Restate, word for word and with no pictures, the stretch of lines in the data below that begins at the line with "the first gulf" and ends at the line with "Jonathan Trott fails", inclusive.

Supplied records:
[Start of section]

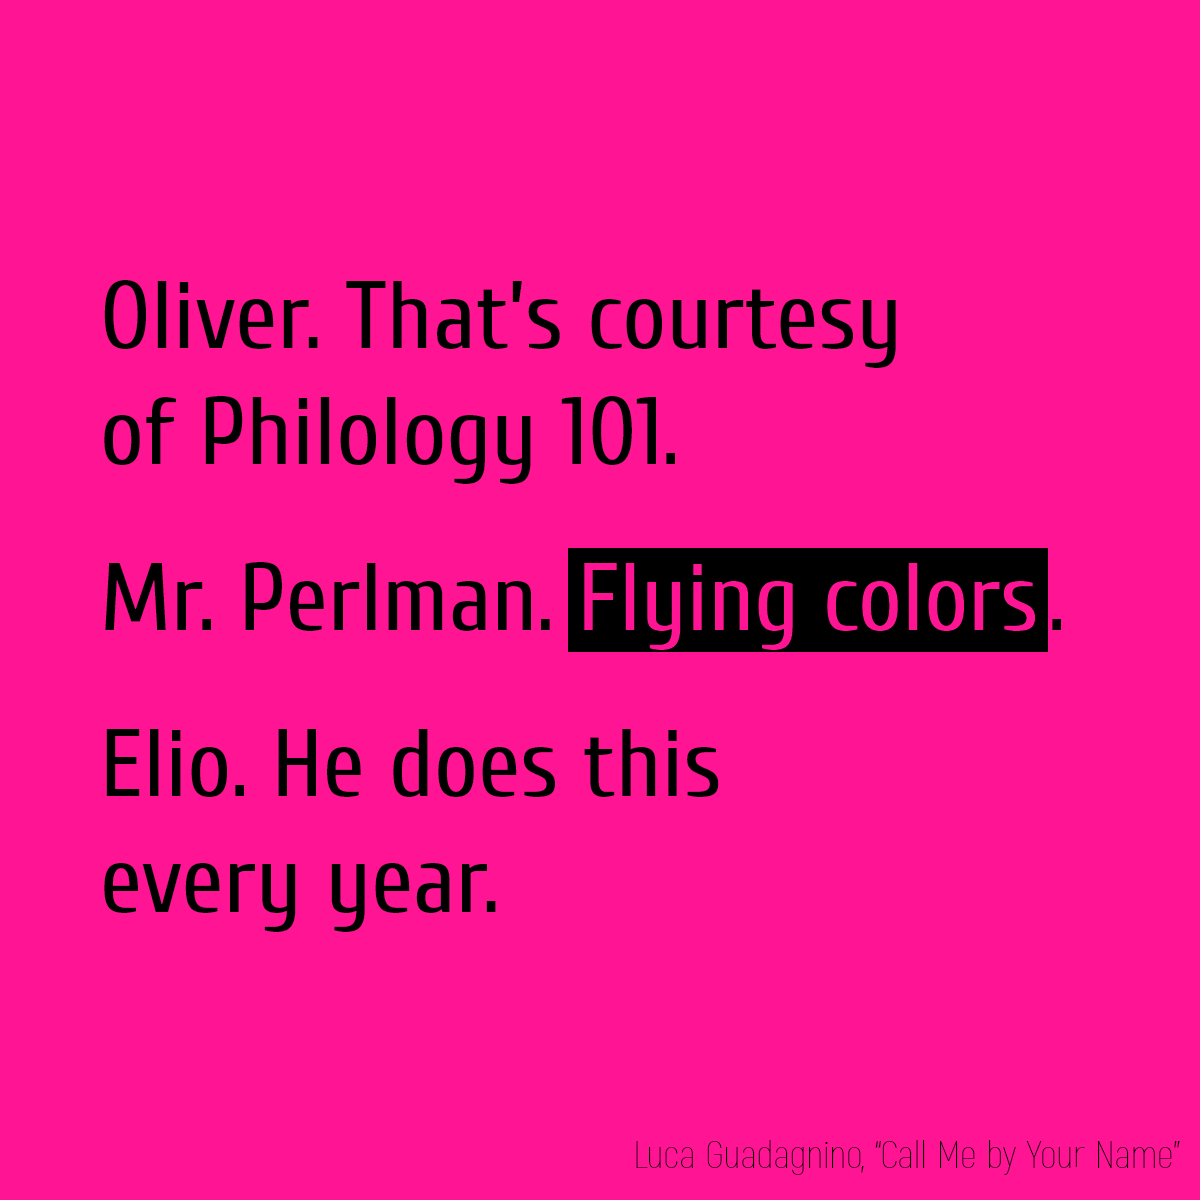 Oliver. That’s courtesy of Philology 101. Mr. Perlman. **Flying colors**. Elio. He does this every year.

[End of section]
[Start of section]

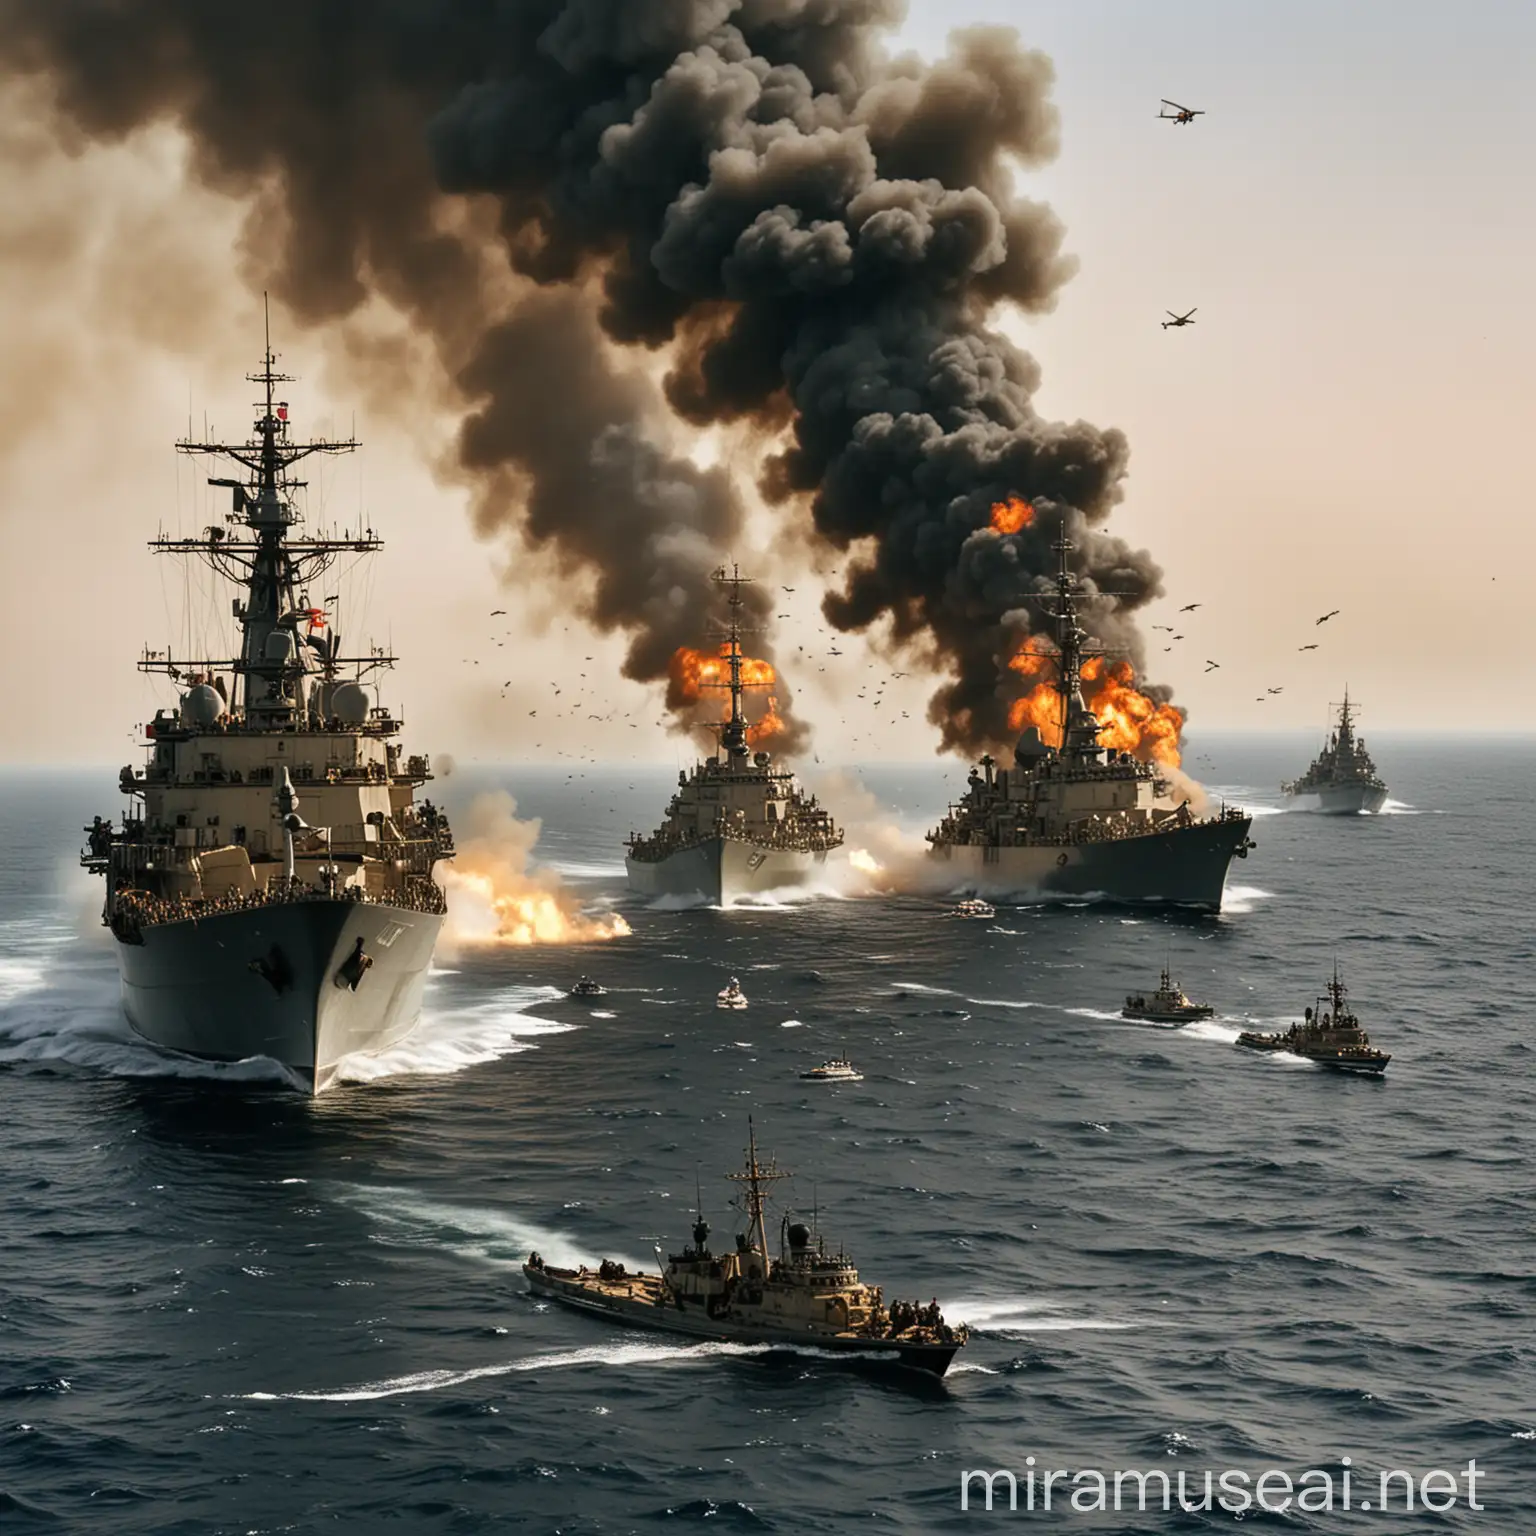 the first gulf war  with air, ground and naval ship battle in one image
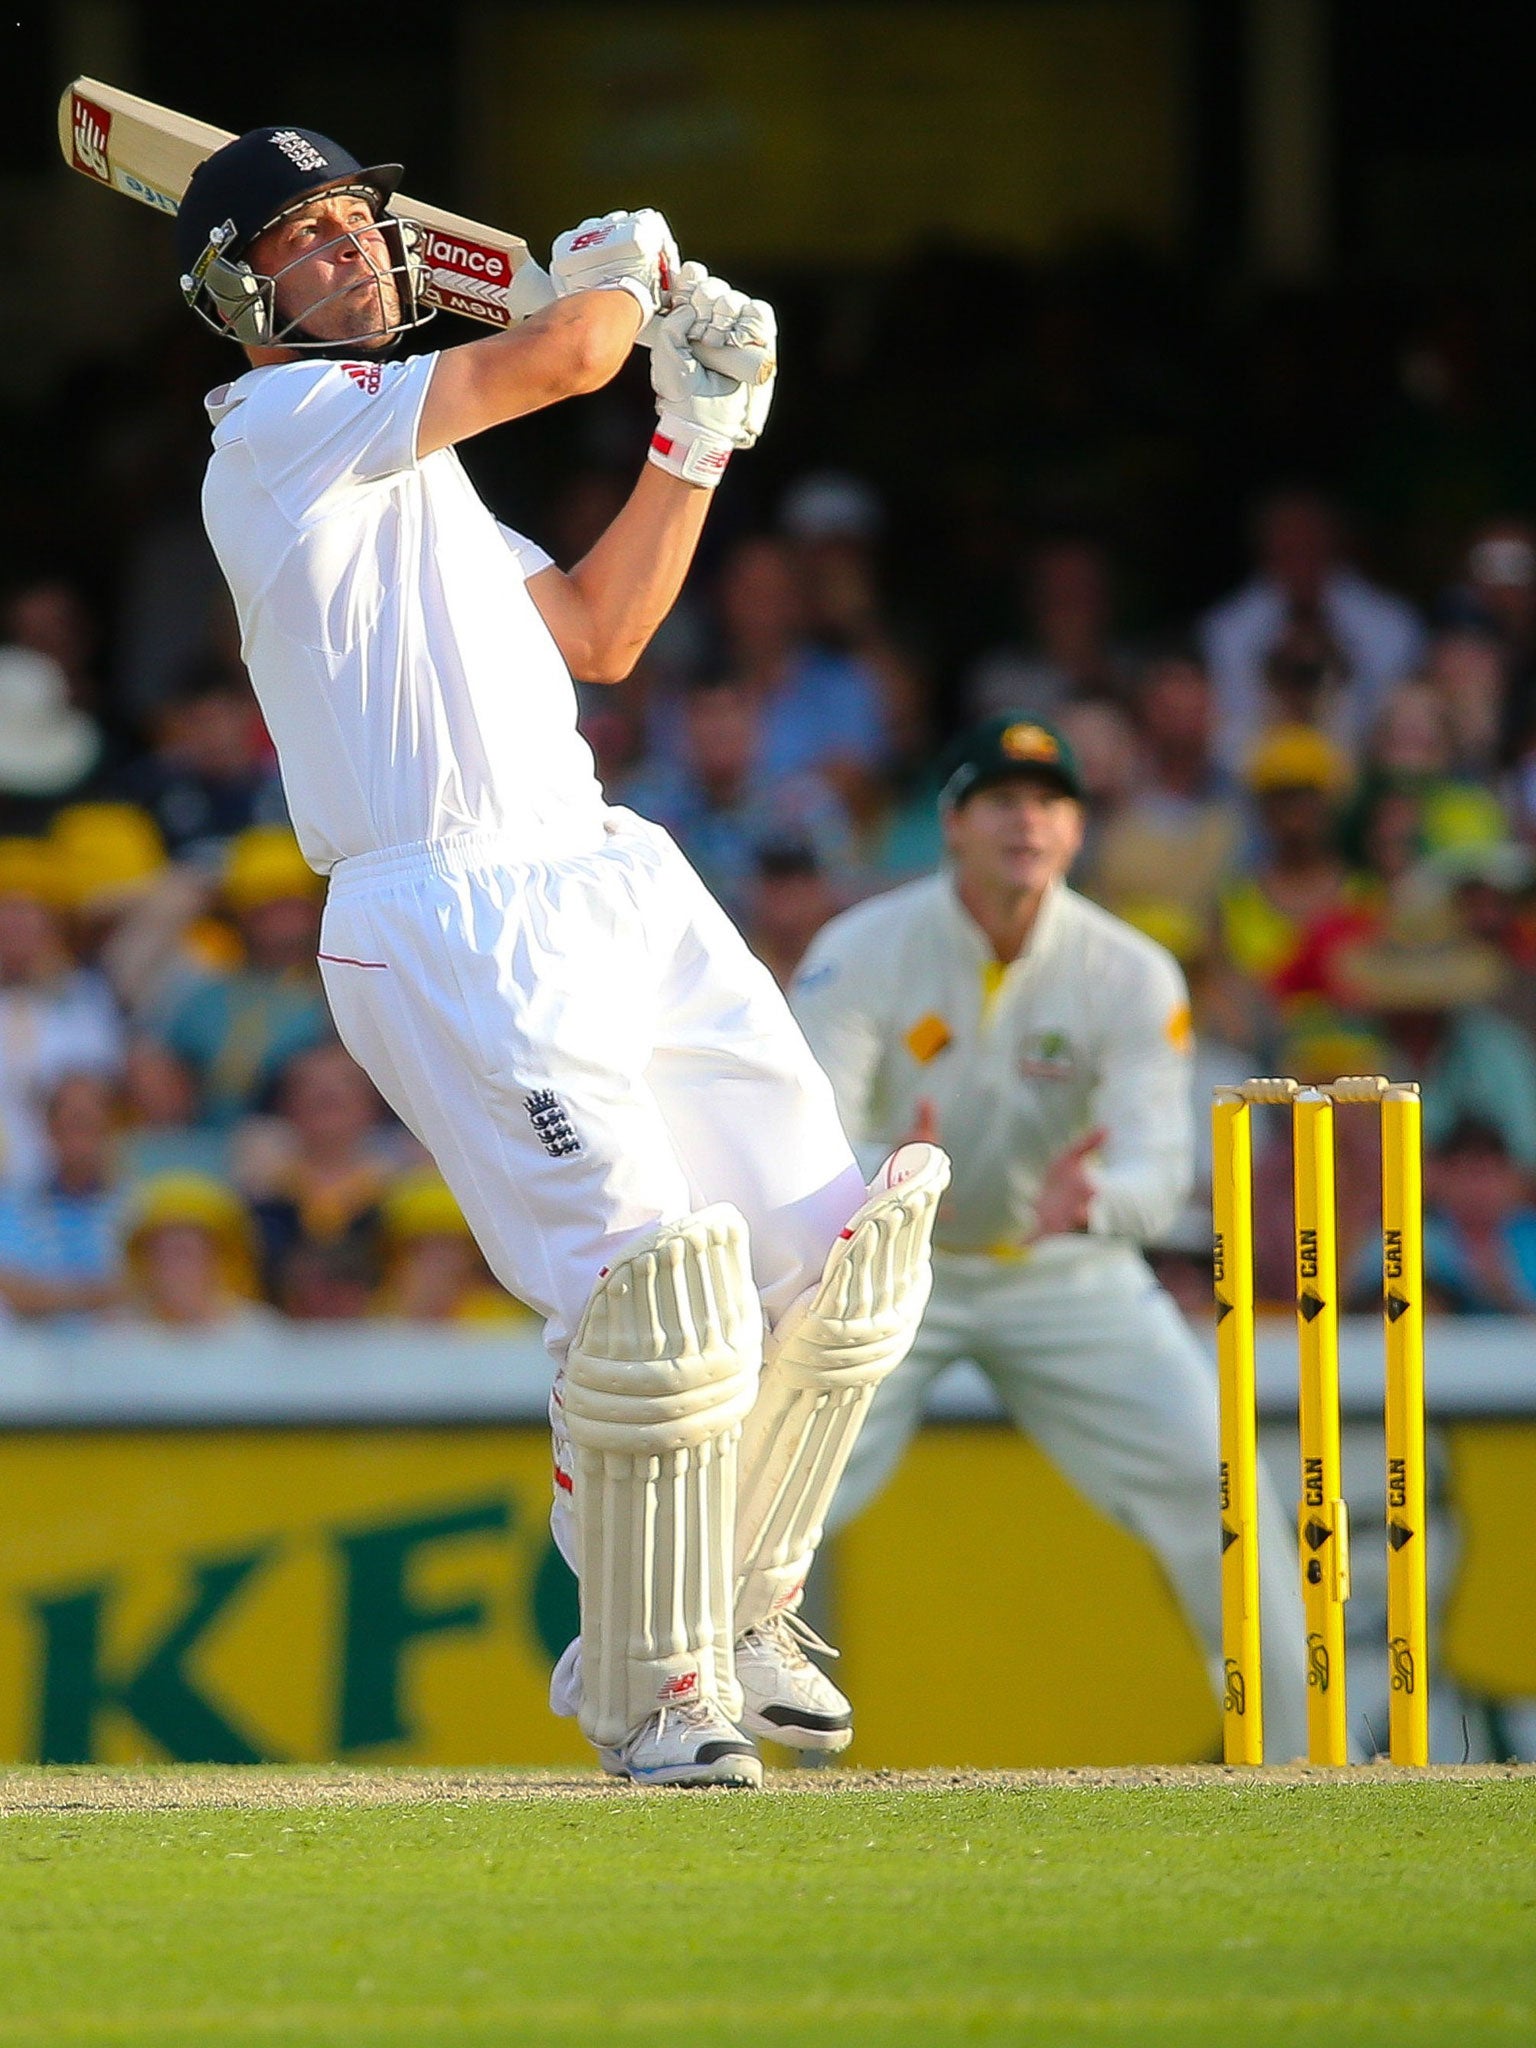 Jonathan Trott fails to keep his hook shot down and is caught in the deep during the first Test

[End of section]

Answer to this task:
 the first gulf war  with air, ground and naval ship battle in one image
 Jonathan Trott fails to keep his hook shot down and is caught in the deep during the first Test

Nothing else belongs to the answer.